Are you the sort of person who lights up a room when you walk in, or when you walk out? ~ Robert Holden
A few weeks ago, I wrote about a tough evening of tennis partly because of the really strong wind. While we were still warming up for the match, one of my teammates arrived and declared immediately, “It’s gonna be a miserable night!” Later, when the match was about to begin, our team captain said, “Let’s have fun. Remember, they [our opposing team] get the same wind also.”
Same conditions, two different attitudes. If you were on our team that evening, who would you rather be around? Who do you think would normally light up the room when she walks in, vs. when she walks out?
In case it isn’t obvious, in talking about lighting up a room here, we aren’t talking about having striking good looks or an infectious smile. Rather, it’s about the energy we project, even if unknowingly. A person who lights up a room walking in is one who projects such good vibes—no matter what’s objectively going on—that others can’t help but are drawn to him/her. Conversely, someone who seems to have a perpetual dark cloud overhead is more likely to light up a room when s/he leaves.

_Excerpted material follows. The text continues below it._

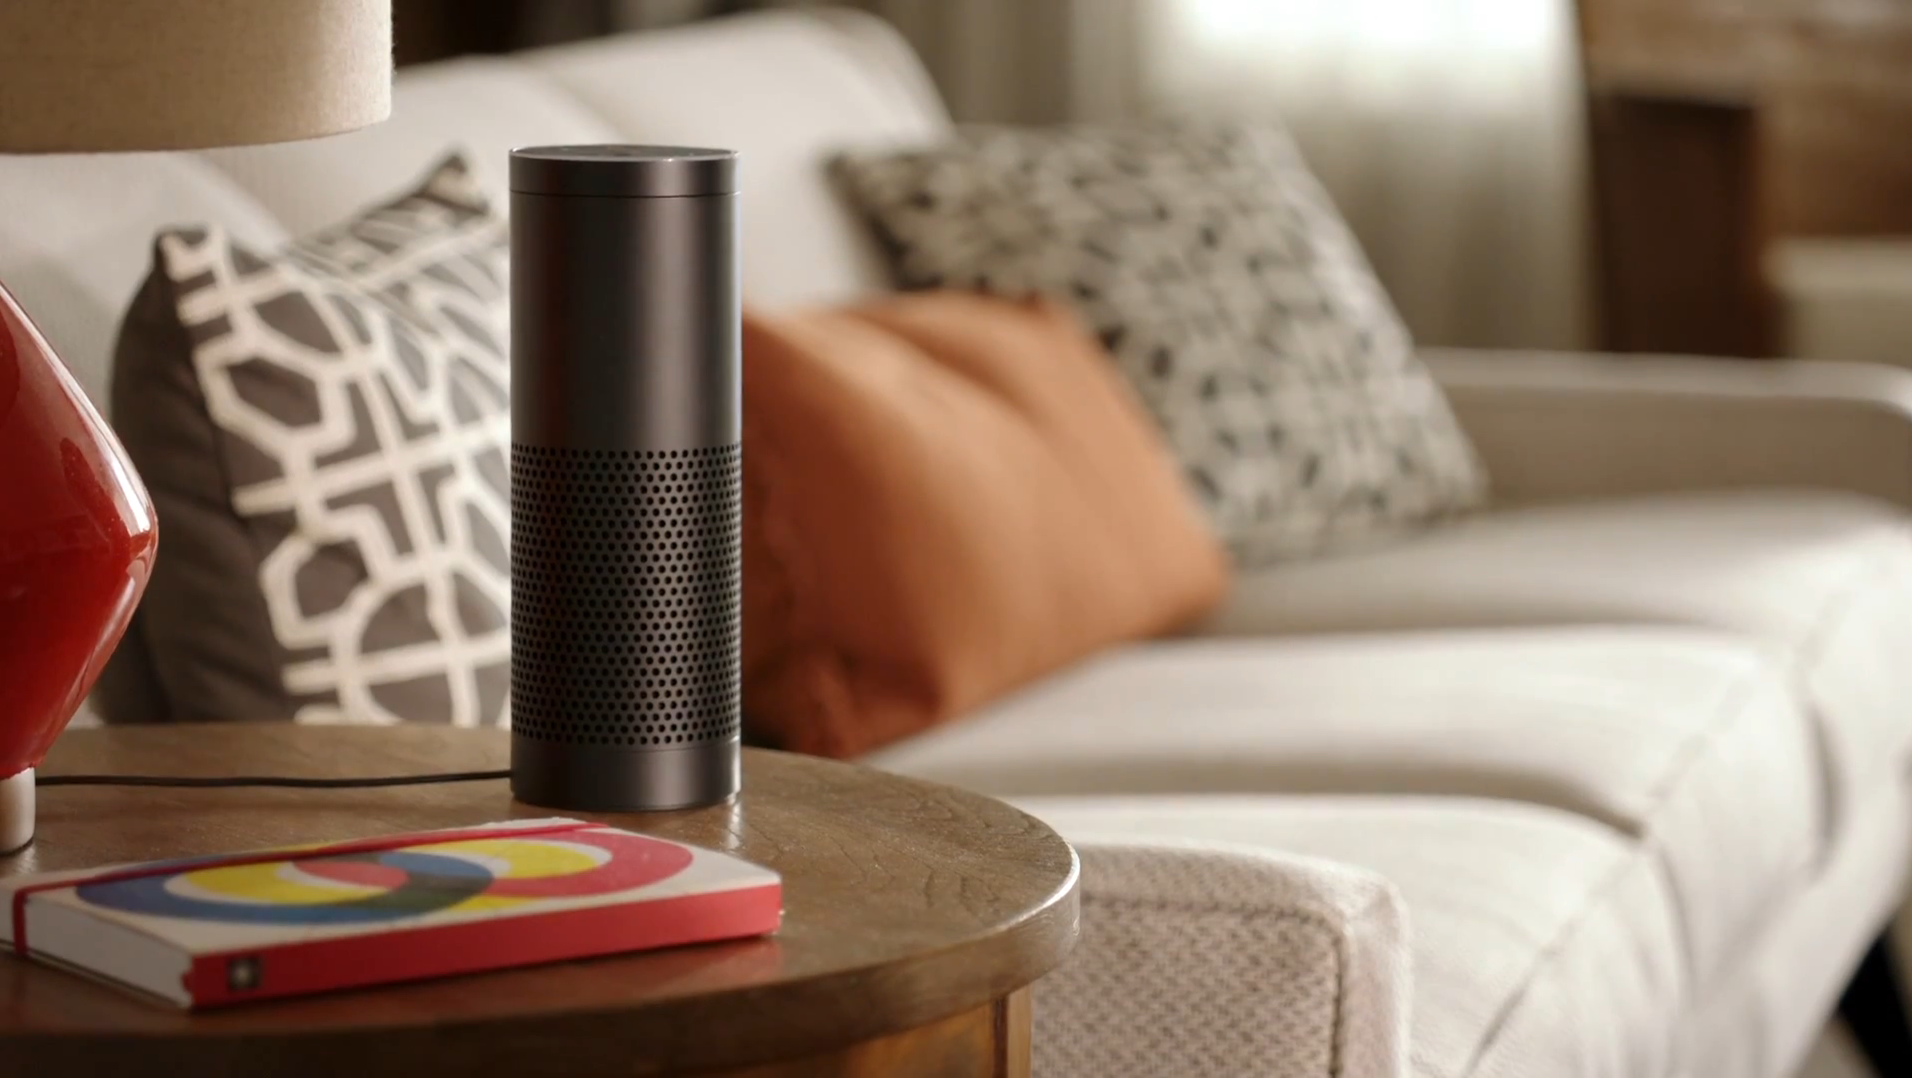 Cara mengatur Amazon Echo: Panduan langkah demi langkah untuk mengatur perangkat Echo Anda

To be someone who lights up a room walking in is neither for the sake of vanity or popularity, nor is it a call to paint a happy face on every situation and be indiscriminantly positive. Rather, in asking ourselves this question posed by Dr. Holden, we allow others’ reaction to us to mirror our consciousness. Are we aware of what’s going on within us to hold our own, regardless of what’s going on outside us? Can we choose not to be automatically sucked into the undercurrent of our brain’s negativity bias?
Be a Light, not Dampener
Having said the above, how do we cultivate our consciousness such that we become a light instead of a dampener? Let’s look at 5 practices.
Practice #1: Begin and end your day with Gratitude. Neuroscience research shows that we can literally rewire our brain’s negativity bias by developing new neural pathways. One way to do this is to be in active gratitude. Before you get swept up in the busyness of your day, make a gratitude list—e.g., 10 things for which you’re grateful. Anything goes; nothing is too small or insignificant. Do a similar practice at night before you go to sleep.
The idea is to infuse into your consciousness the practice of noticing what’s good in your life. This, in time, will shift you away from your natural human tendency to focus automatically on the negative.
Practice #2: Be an inner observer of your attitudes and thoughts. Make a point of pausing at some point each day to pay attention to how you’re reacting to what’s going on. Ask yourself what other perspectives there may be other than the one automatically populating your mind. If it’s less threatening to do so, practice it as a retrospective exercise. For instance, pick a stressful situation that occurred in the past, and ask yourself what other perspective(s) you may be able to bring to seeing this situation.
As you practice being an inner observer more and more, you’ll be able to shift your attitude more easily real time, on demand.
Practice #3: Be mindless. As much as it’s helpful to remember that you can choose your thoughts, it’s equally important to shift your mind to neutral on a regular basis. Adopt some kind of a meditation practice.
By meditation, don’t stress about how to do it “right.” You don’t need to sit on a meditation cushion in a lotus position. To some people, walking silently in nature is the greatest form of meditation. To others, tai chi, qigong, yoga and other forms of practice involving moving energy consciously through the body are great ways to quiet the mind and be present with the energy flow from one moment to the next.
By practicing being mindless, you’re more likely to catch yourself having thoughts that can be shifted.
Practice #4: Connect with Love. If you really think about it, every attitude, every action is rooted in either Love or fear—and/or their respective clans. Love’s family includes compassion, kindness, trust, generosity, graciousness, etc., while fear’s kin includes control, jealousy, indignation, vengeance, defensiveness, etc. It’s human to experience fear and to act from that place now and again. So, this isn’t meant to be an exercise of self-indictment.
However, we can practice consciously remembering and connecting to our core that’s Love—not our defensive personality we’ve adopted to survive. By doing so, we can cultivate an awareness that, at any given moment, regardless of the circumstances, we can choose to be kind, compassionate, accepting, etc.—often to ourselves first, if not to others as well.
When we nurture this awareness, we allow ourselves to be a presence of Love wherever we go. This Love is expressed through our demeanor, attitudes and behavior. With a consciousness of Love, we easily become a light in any room into which we walk.
Practice #5: Intend to be a positive influence. No matter our station in life, each of us has a circle of influence. We touch people’s lives every day in large and small ways. By setting an intention to be a positive influence in our circle, we shape the attitude we adopt at every choice point, along with the corresponding behavior.
Intention is a very powerful precursor to action. Whether or not any of the above 4 practices speaks to you, just by intending to be a positive influence, you become one.
A Call To Action: Be A Light
With all the above said, let me invite you to join me in being a light in this world—wherever you are. All you need to do is to start with the rooms into which you walk—whether all the time (including your family, workplace, community, etc.), sometimes, or only once in your lifetime.
What do you say? Would you also invite your friends and family to join in and be a light in the rooms into which they walk?